Tuesday, February 5, 2013

Demand Driven Supply Chain: No more the Holy Grail of Operations Management.


The article “Cleaning the Crystal Ball” discusses about the necessity to establish a clear forecasting mechanism to be able to plan the operations in a particular direction. The reason for forecast year after year even though they happen to be incorrect is that they lend direction in an otherwise intuition driven decision making. Now that at least we have a solid inference drawn from data analysis to base and evaluate our intuition driven decisions.

Though there is no denying in that the forecast mechanisms have to develop before they can be claimed dependable, the maturity levels attained now would be of better use if we could integrate forecasting and data analysis to the inputs of a company’s quarter on quarter strategy planning. Most companies fail to derive the complete benefits of forecasting. Objective forecasting to arrive at one or range of numbers is parallel to choosing to walk with one eye when all one has to do is open the other eye for better visibility.
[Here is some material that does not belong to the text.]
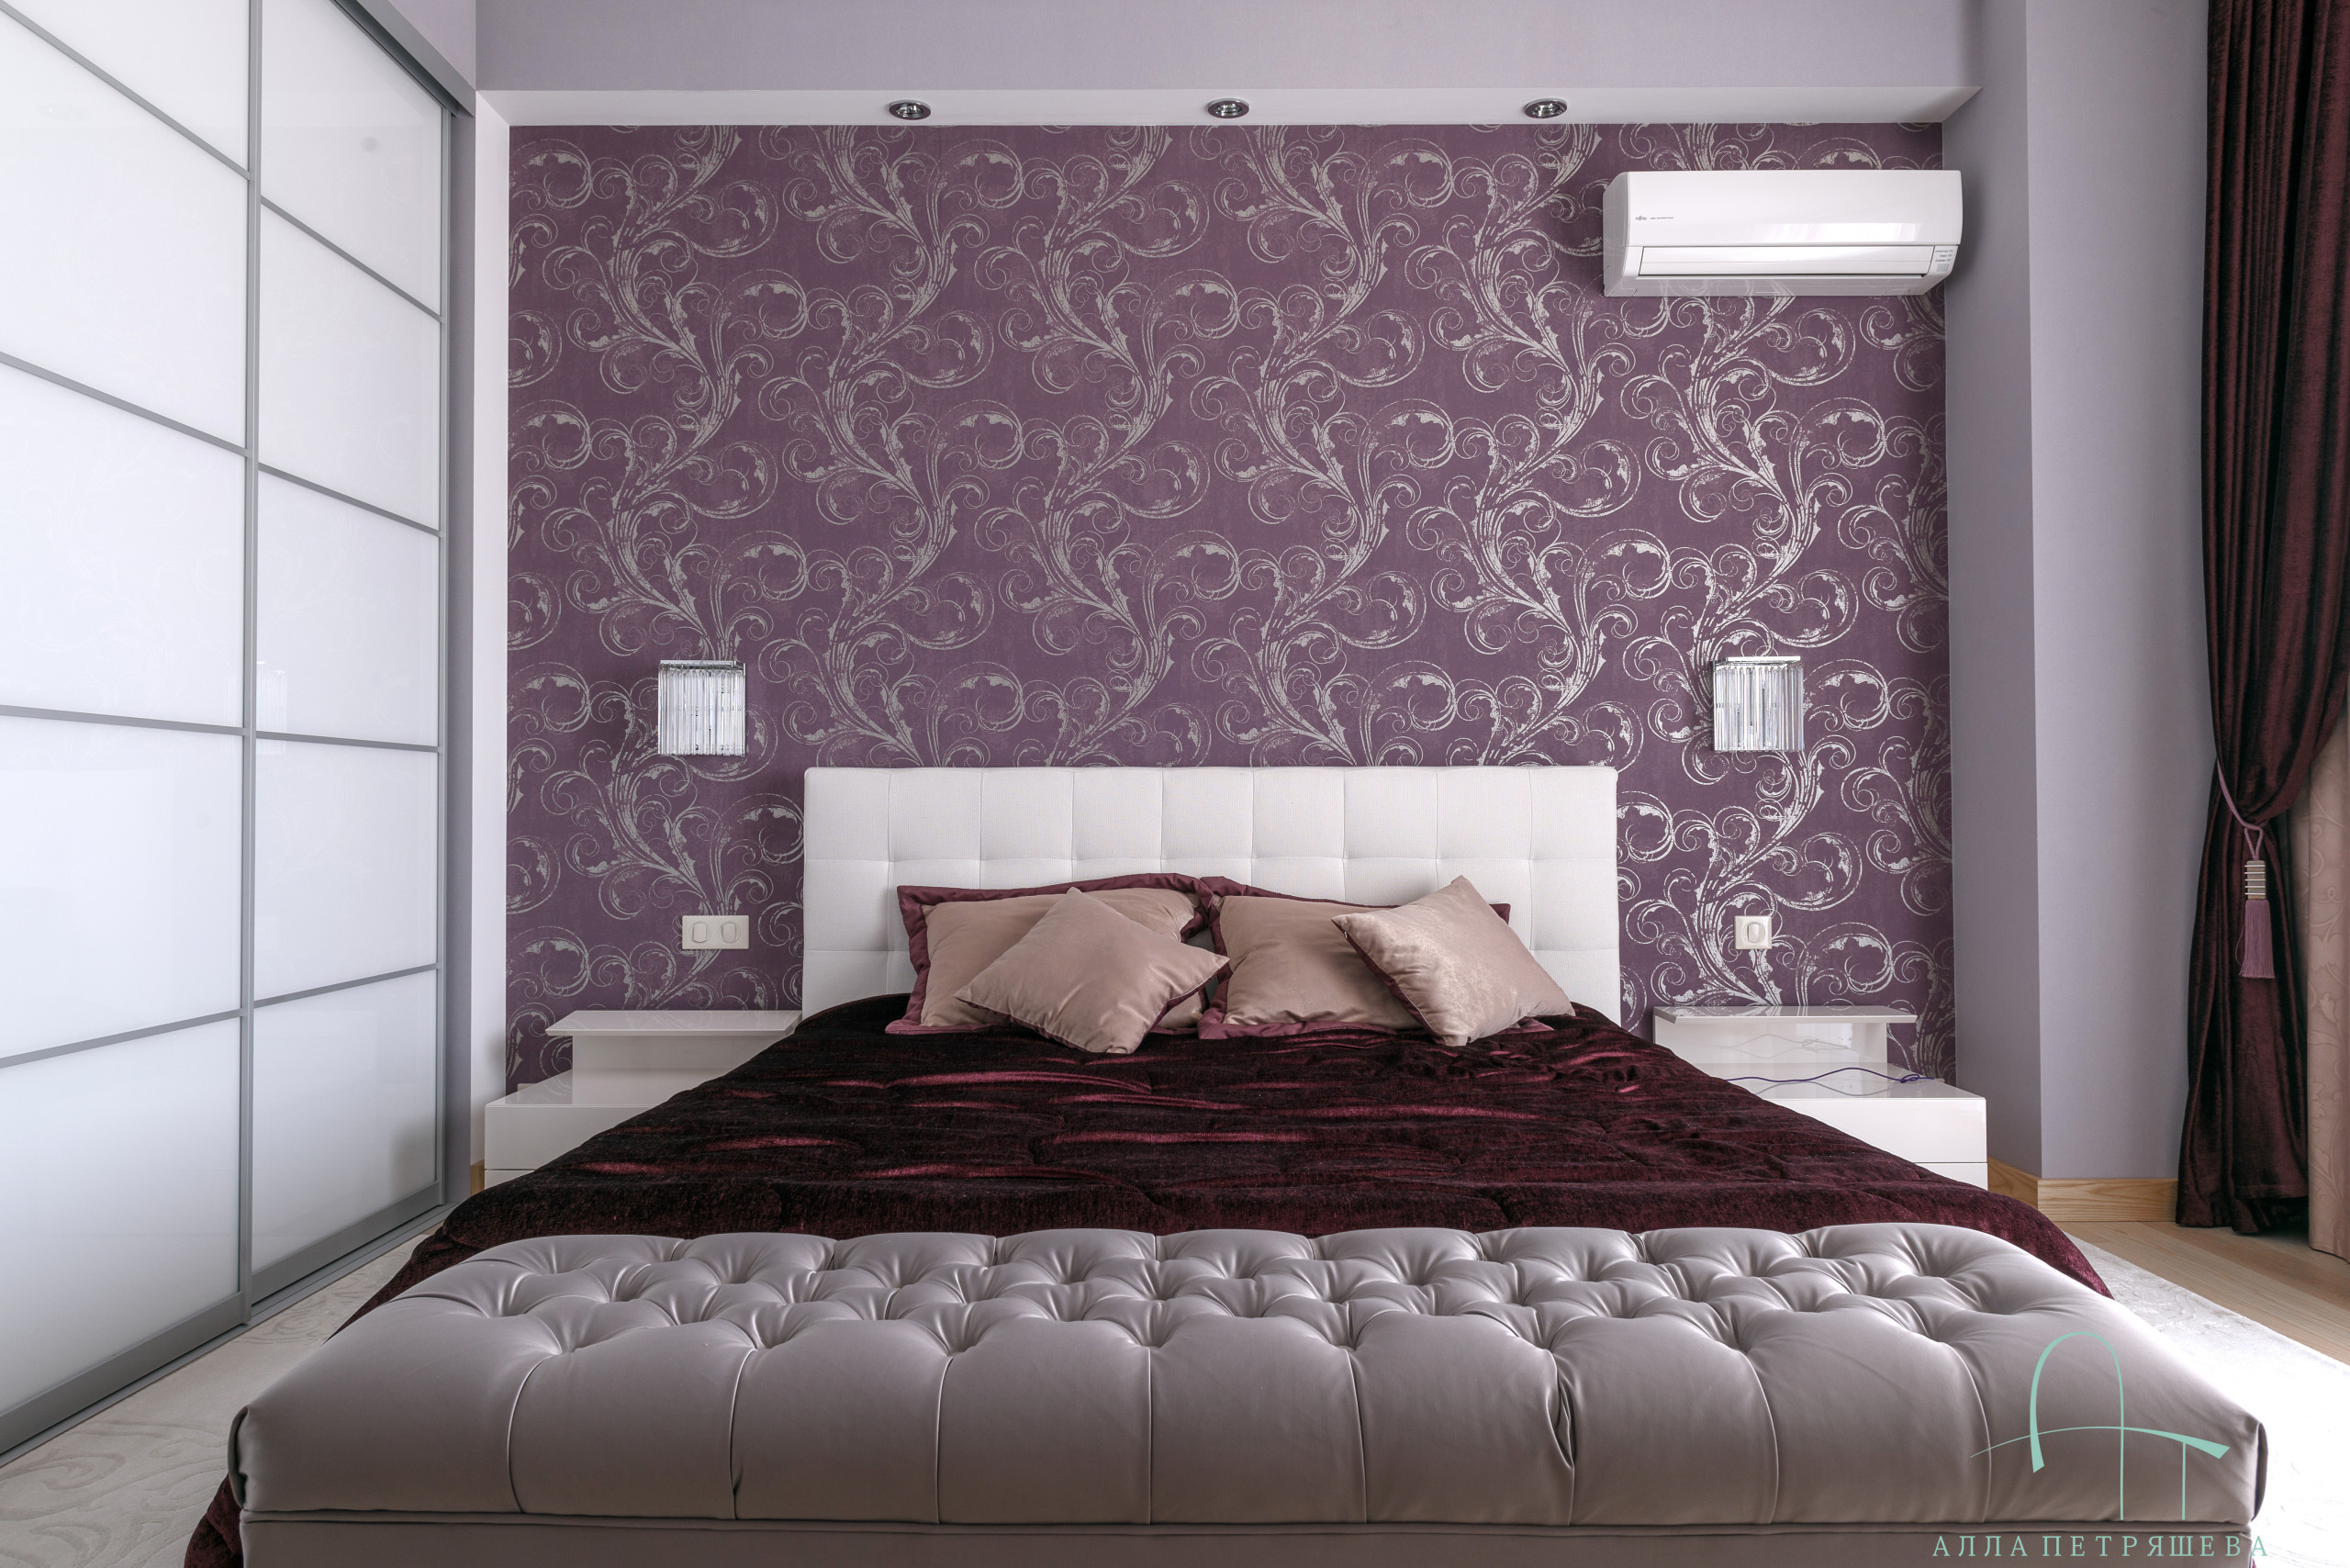 スピーカー 潜在的な 講堂 寝室 壁紙 紫 特別に 成果 どこでも
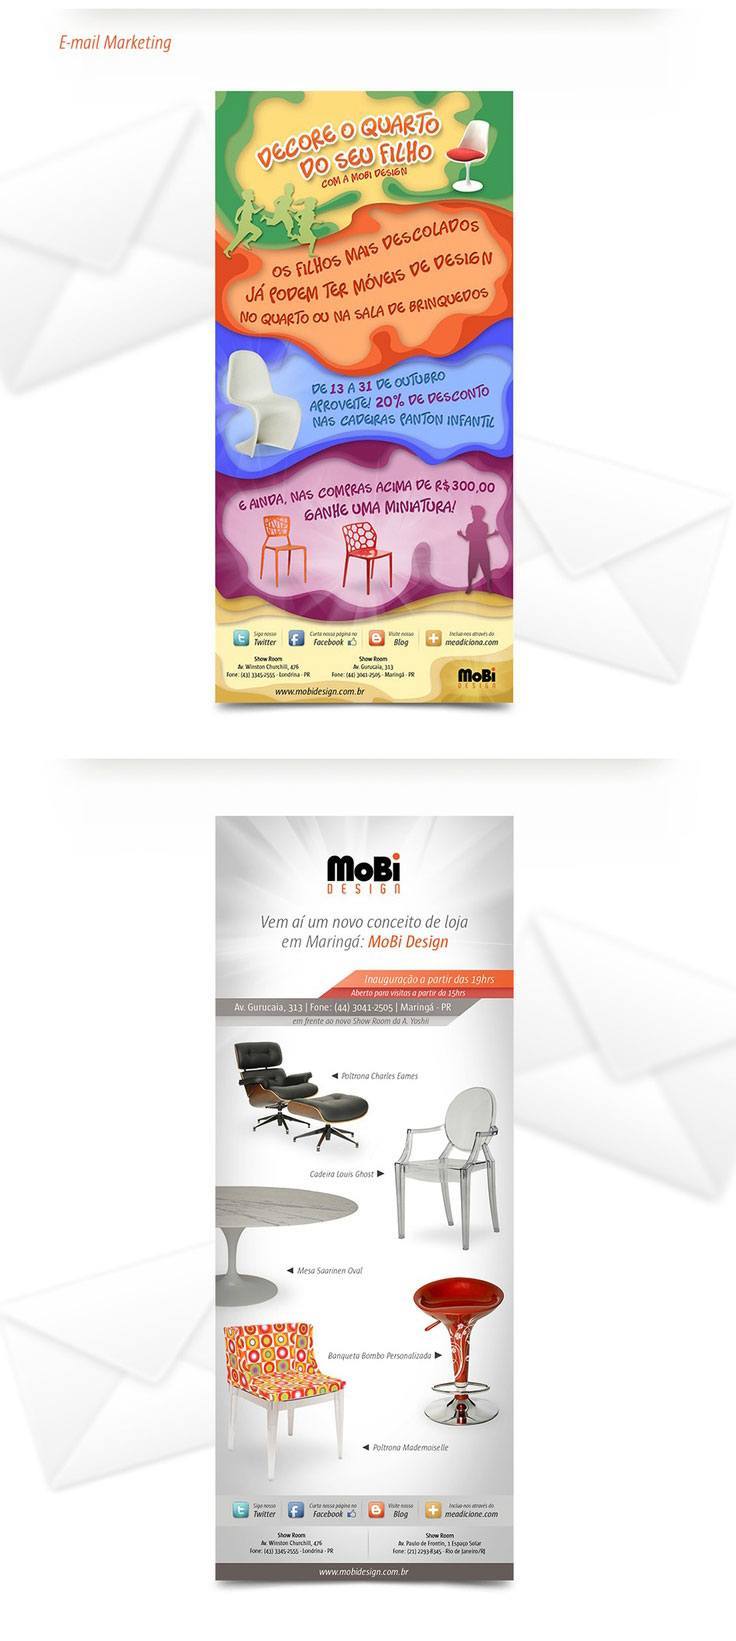 Mobi Design - E-mail Marketing

No one model can actually yield best results for all the organizations. The forecasting models have to be developed from within the organization by incorporating the error quotient and monitoring the forecast against the actual results. Incorporating more factors that were not considered earlier would strengthen the forecast mechanism though at the cost of complexity. Demand forecasting in most cases leaves the team with a range of numbers. They sometimes make people see patterns that could have otherwise escaped the minds engrossed in other directions. There are reasons for this distribution of numbers, rather than focusing on the demerits and complaining about the flaws in forecast and one could benefit by accepting that the forecasting mechanism is yet to reach a level of maturity and focusing on
  •    What factors influence the range positively/negatively?
  •     What factors are most sensitive to output?
  •     What drivers can we control/monitor to adapt to the situation?
  •     What are the key indicators for us to focus on to reaffirm our strategic position every week (or     month)?
  •     How would my cash flow look like at each of these ranges?
  •     Establishing a contingency plan for threats that are assigned priority after both qualitative and quantitative analysis.


Besides all this, a company can somehow get to form a team with people from various domains like the Sales, Supply Chain Management, Marketing and Strategy planning and establish an agile process in place to help the suppliers and manufacturers cut down the response time taken. This could effectively save a lot of inventory cost and waste especially in the Consumable Goods Industry. While it could even take decades for the forecast models to reach the expected levels of accuracy, the companies that take leverage of the existing advantages of forecasting would have a strategically competitive position and less things to catch-up later when the model matures. It is interesting to realize how the article “Four Steps to Forecast Total Market Demand” starts emphasizing the importance of the byproducts of forecasting and sort of resonates with our discussion thus far.
It would be interesting to ask ourselves “Shouldn’t companies focus on deriving best out of existing provisions to continuously adapt as the forecast model develops?”